Source-backed implementations are provided below for direct study and interview prep.
// Accepted solution for LeetCode #2730: Find the Longest Semi-Repetitive Substring
class Solution {
public int longestSemiRepetitiveSubstring(String s) {
int ans = 1, n = s.length();
for (int i = 1, j = 0, cnt = 0; i < n; ++i) {
cnt += s.charAt(i) == s.charAt(i - 1) ? 1 : 0;
for (; cnt > 1; ++j) {
cnt -= s.charAt(j) == s.charAt(j + 1) ? 1 : 0;
}
ans = Math.max(ans, i - j + 1);
}
return ans;
}
}
// Accepted solution for LeetCode #2730: Find the Longest Semi-Repetitive Substring
func longestSemiRepetitiveSubstring(s string) (ans int) {
ans = 1
for i, j, cnt := 1, 0, 0; i < len(s); i++ {
if s[i] == s[i-1] {
cnt++
}
for ; cnt > 1; j++ {
if s[j] == s[j+1] {
cnt--
}
}
ans = max(ans, i-j+1)
}
return
}
# Accepted solution for LeetCode #2730: Find the Longest Semi-Repetitive Substring
class Solution:
def longestSemiRepetitiveSubstring(self, s: str) -> int:
ans, n = 1, len(s)
cnt = j = 0
for i in range(1, n):
cnt += s[i] == s[i - 1]
while cnt > 1:
cnt -= s[j] == s[j + 1]
j += 1
ans = max(ans, i - j + 1)
return ans
// Accepted solution for LeetCode #2730: Find the Longest Semi-Repetitive Substring
// Rust example auto-generated from java reference.

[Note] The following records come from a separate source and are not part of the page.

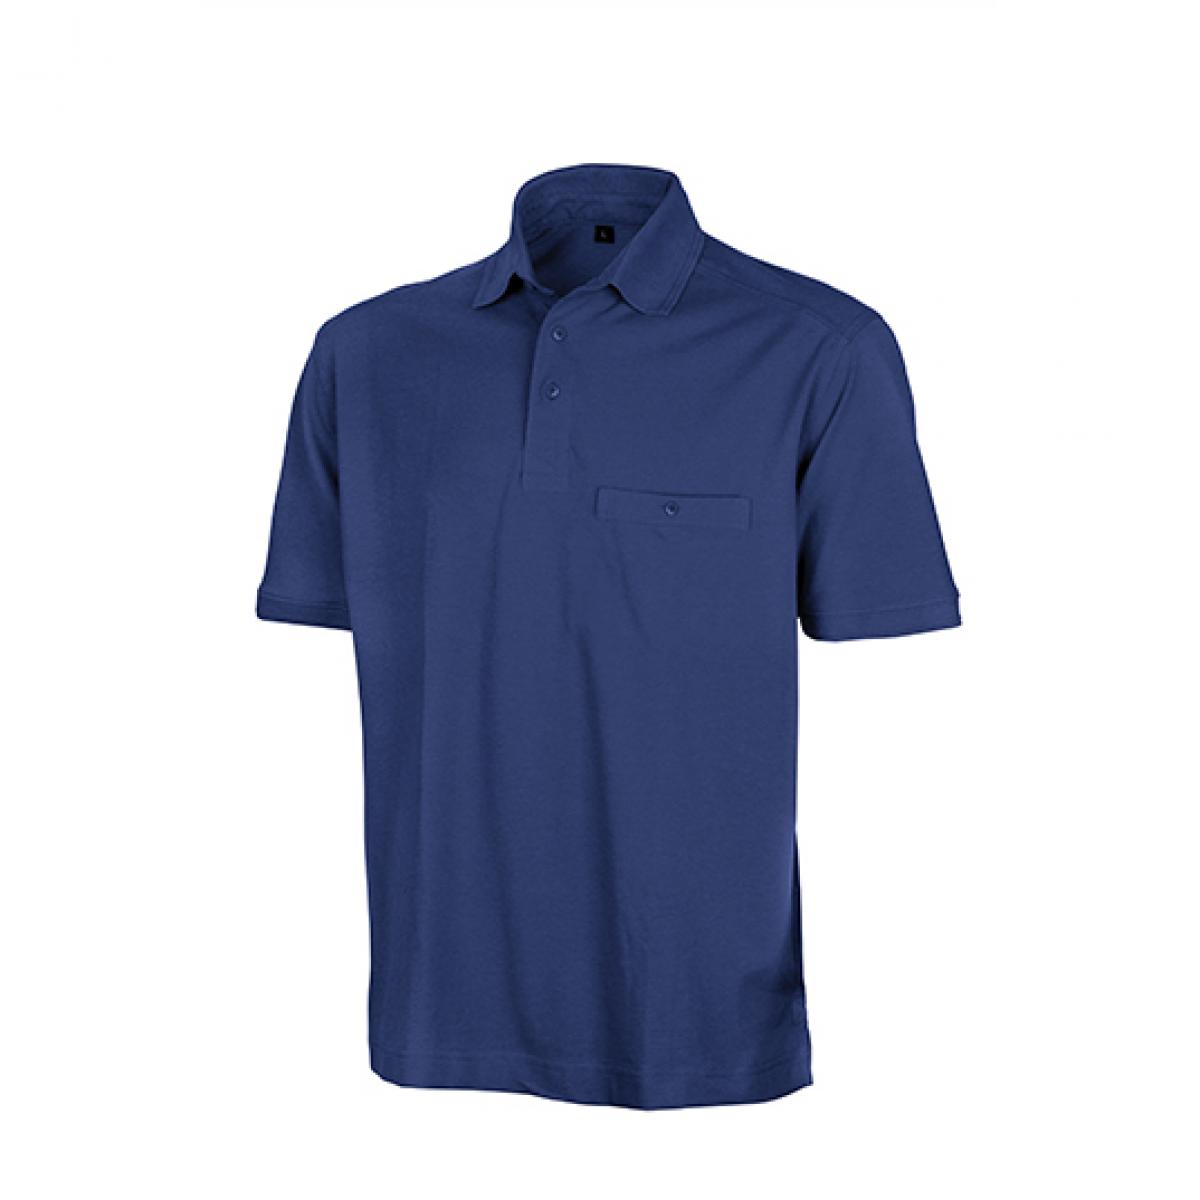 Hersteller: Result WORK-GUARD Herstellernummer: R312X Artikelbezeichnung: Herren Apex Polo Shirt / Strapazierfähig aus Mischgewebe Farbe: Royal
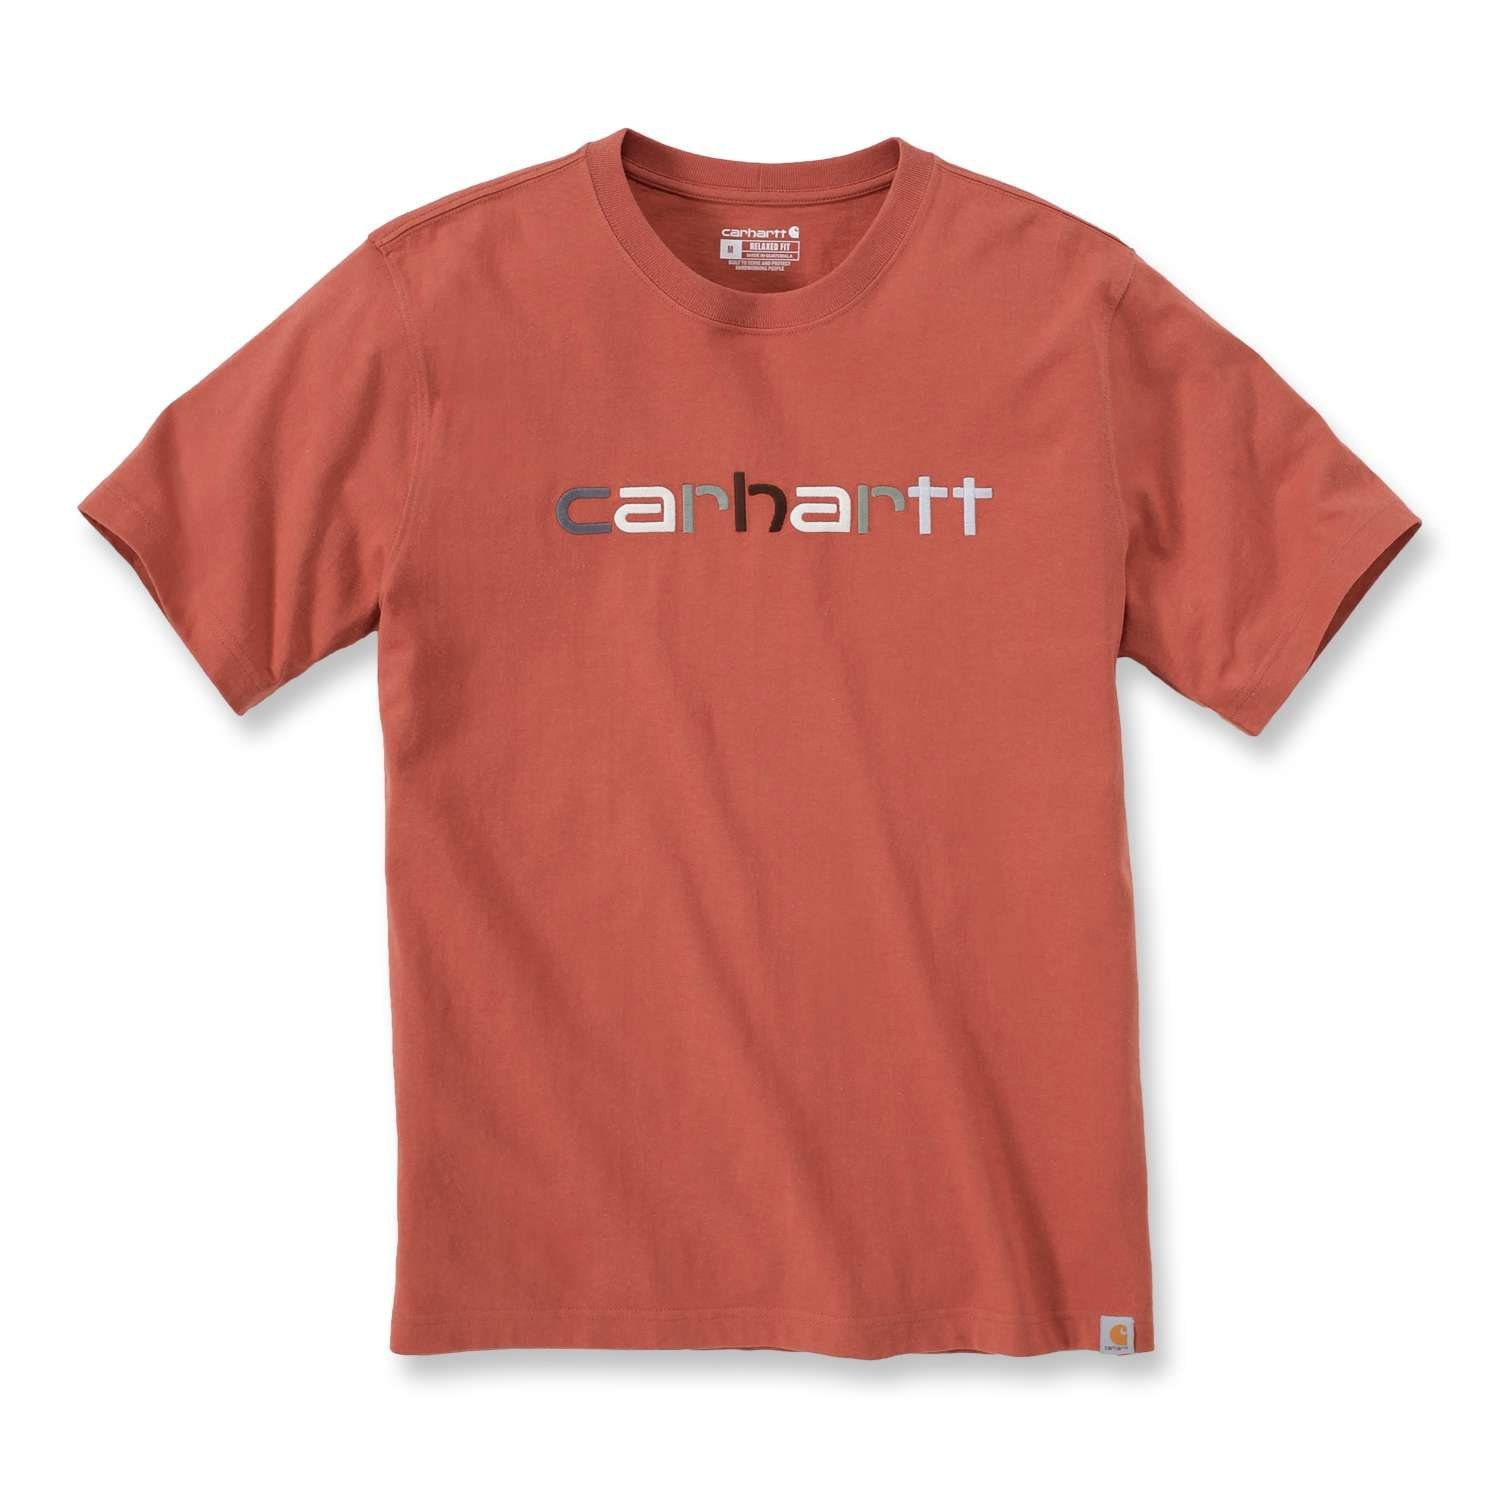 Carhartt T-Shirt Carhartt Herren T-Shirt S/S terracotta Graphic Heavyweight Adult
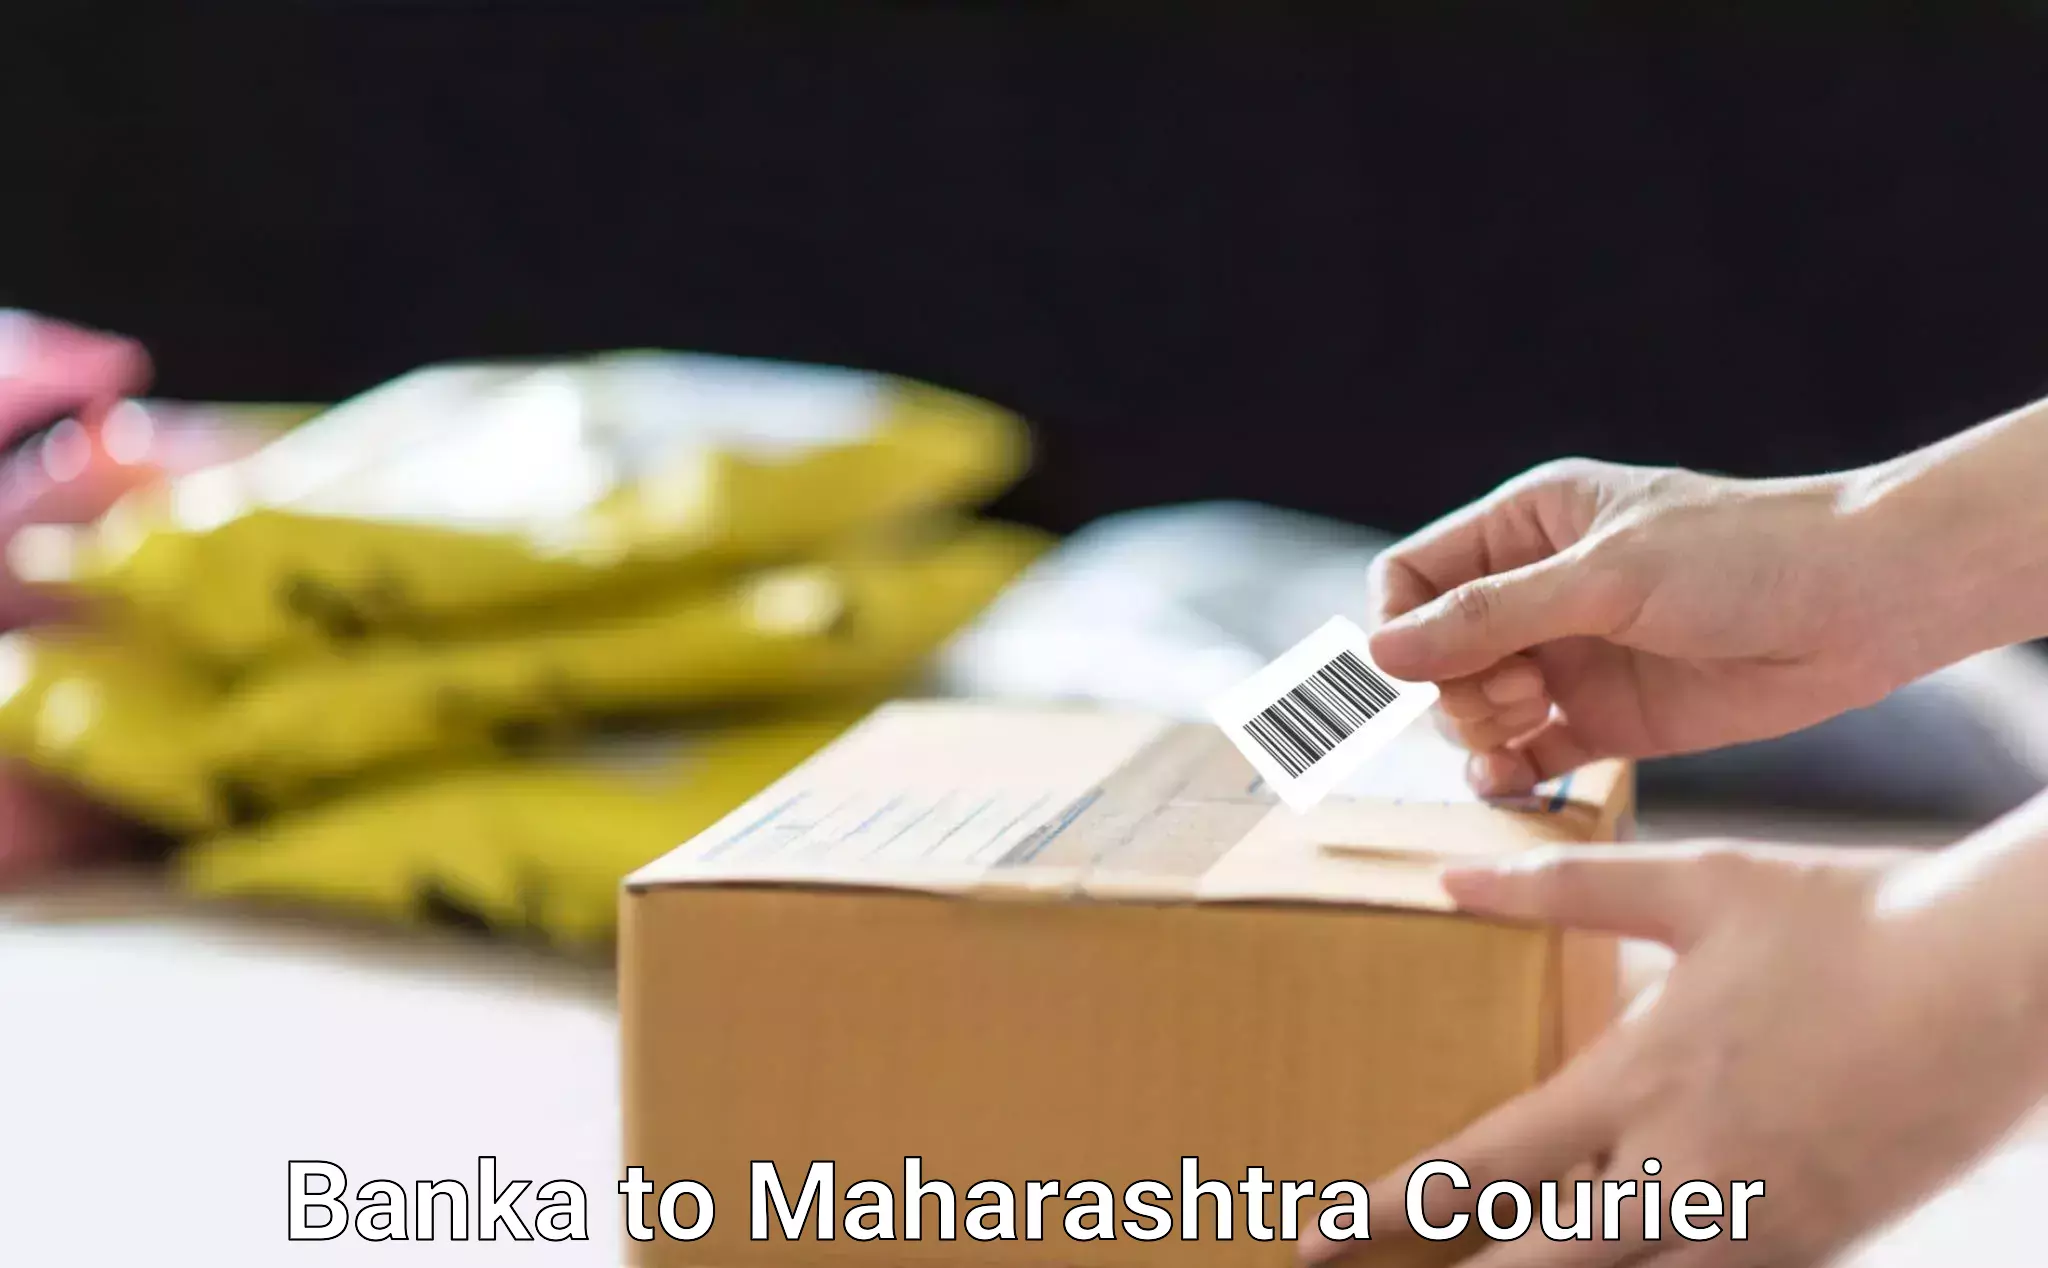 Full-service household moving Banka to Maharashtra
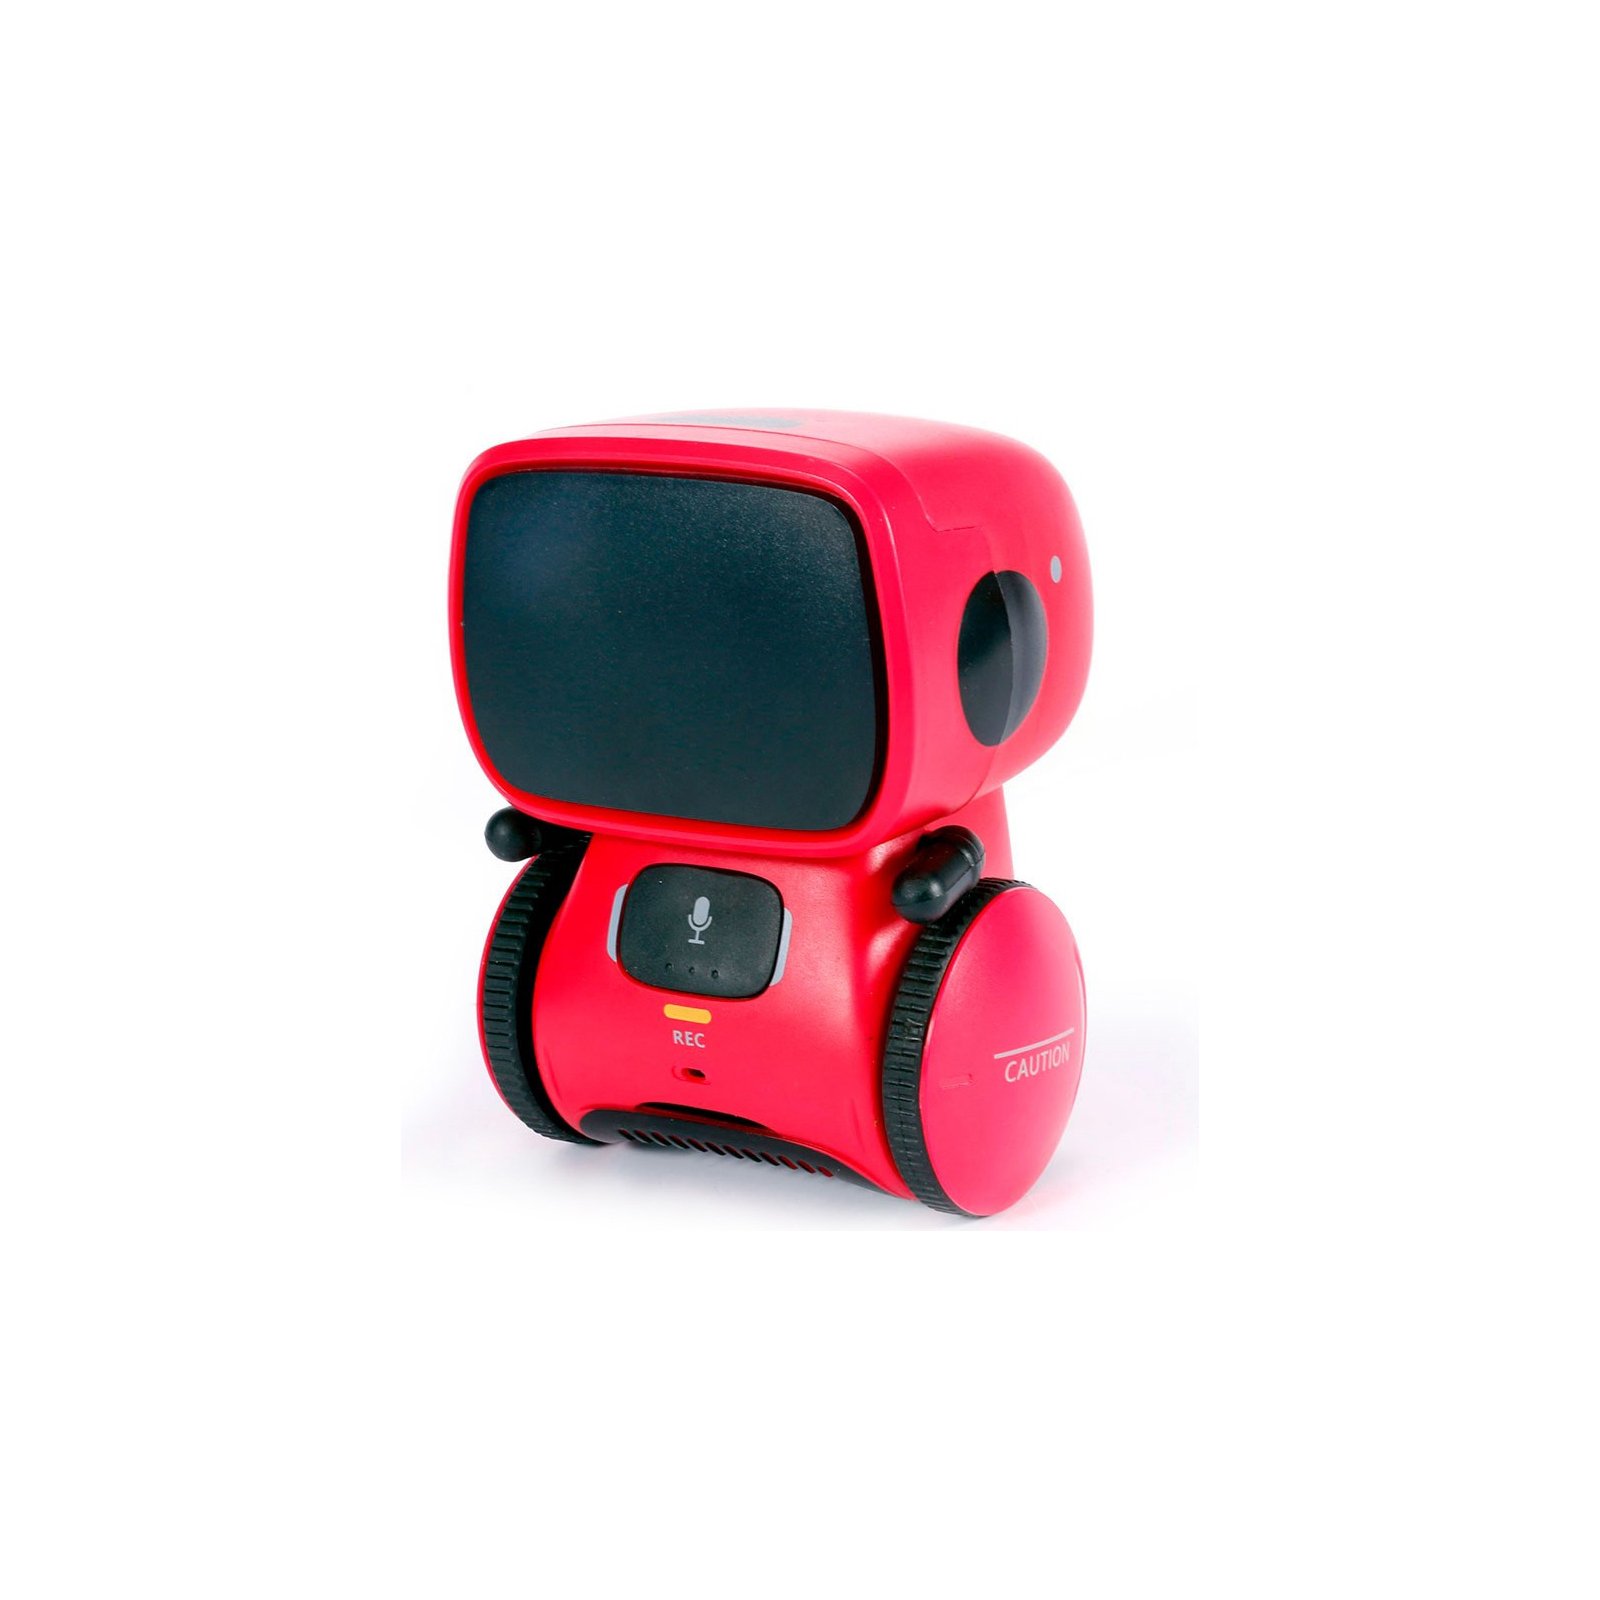 Интерактивная игрушка AT-Robot робот с голосовым управлением красный, рус. (AT001-01) изображение 4

// Replace the signature and local types with the exact LeetCode harness for this problem.
impl Solution {
pub fn rust_example() {
// Port the logic from the reference block below.
}
}
// Reference (java):
// // Accepted solution for LeetCode #2730: Find the Longest Semi-Repetitive Substring
// class Solution {
// public int longestSemiRepetitiveSubstring(String s) {
// int ans = 1, n = s.length();
// for (int i = 1, j = 0, cnt = 0; i < n; ++i) {
// cnt += s.charAt(i) == s.charAt(i - 1) ? 1 : 0;
// for (; cnt > 1; ++j) {
// cnt -= s.charAt(j) == s.charAt(j + 1) ? 1 : 0;
// }
// ans = Math.max(ans, i - j + 1);
// }
// return ans;
// }
// }
// Accepted solution for LeetCode #2730: Find the Longest Semi-Repetitive Substring
function longestSemiRepetitiveSubstring(s: string): number {
const n = s.length;
let ans = 1;
for (let i = 1, j = 0, cnt = 0; i < n; ++i) {
cnt += s[i] === s[i - 1] ? 1 : 0;
for (; cnt > 1; ++j) {
cnt -= s[j] === s[j + 1] ? 1 : 0;
}
ans = Math.max(ans, i - j + 1);
}
return ans;
}
Use this to step through a reusable interview workflow for this problem.
For each starting index, scan the next k elements to compute the window aggregate. There are n−k+1 starting positions, each requiring O(k) work, giving O(n × k) total. No extra space since we recompute from scratch each time.
The window expands and contracts as we scan left to right. Each element enters the window at most once and leaves at most once, giving 2n total operations = O(n). Space depends on what we track inside the window (a hash map of at most k distinct elements, or O(1) for a fixed-size window).
Review these before coding to avoid predictable interview regressions.
Wrong move: Using `if` instead of `while` leaves the window invalid for multiple iterations.
Usually fails on: Over-limit windows stay invalid and produce wrong lengths/counts.
Fix: Shrink in a `while` loop until the invariant is valid again.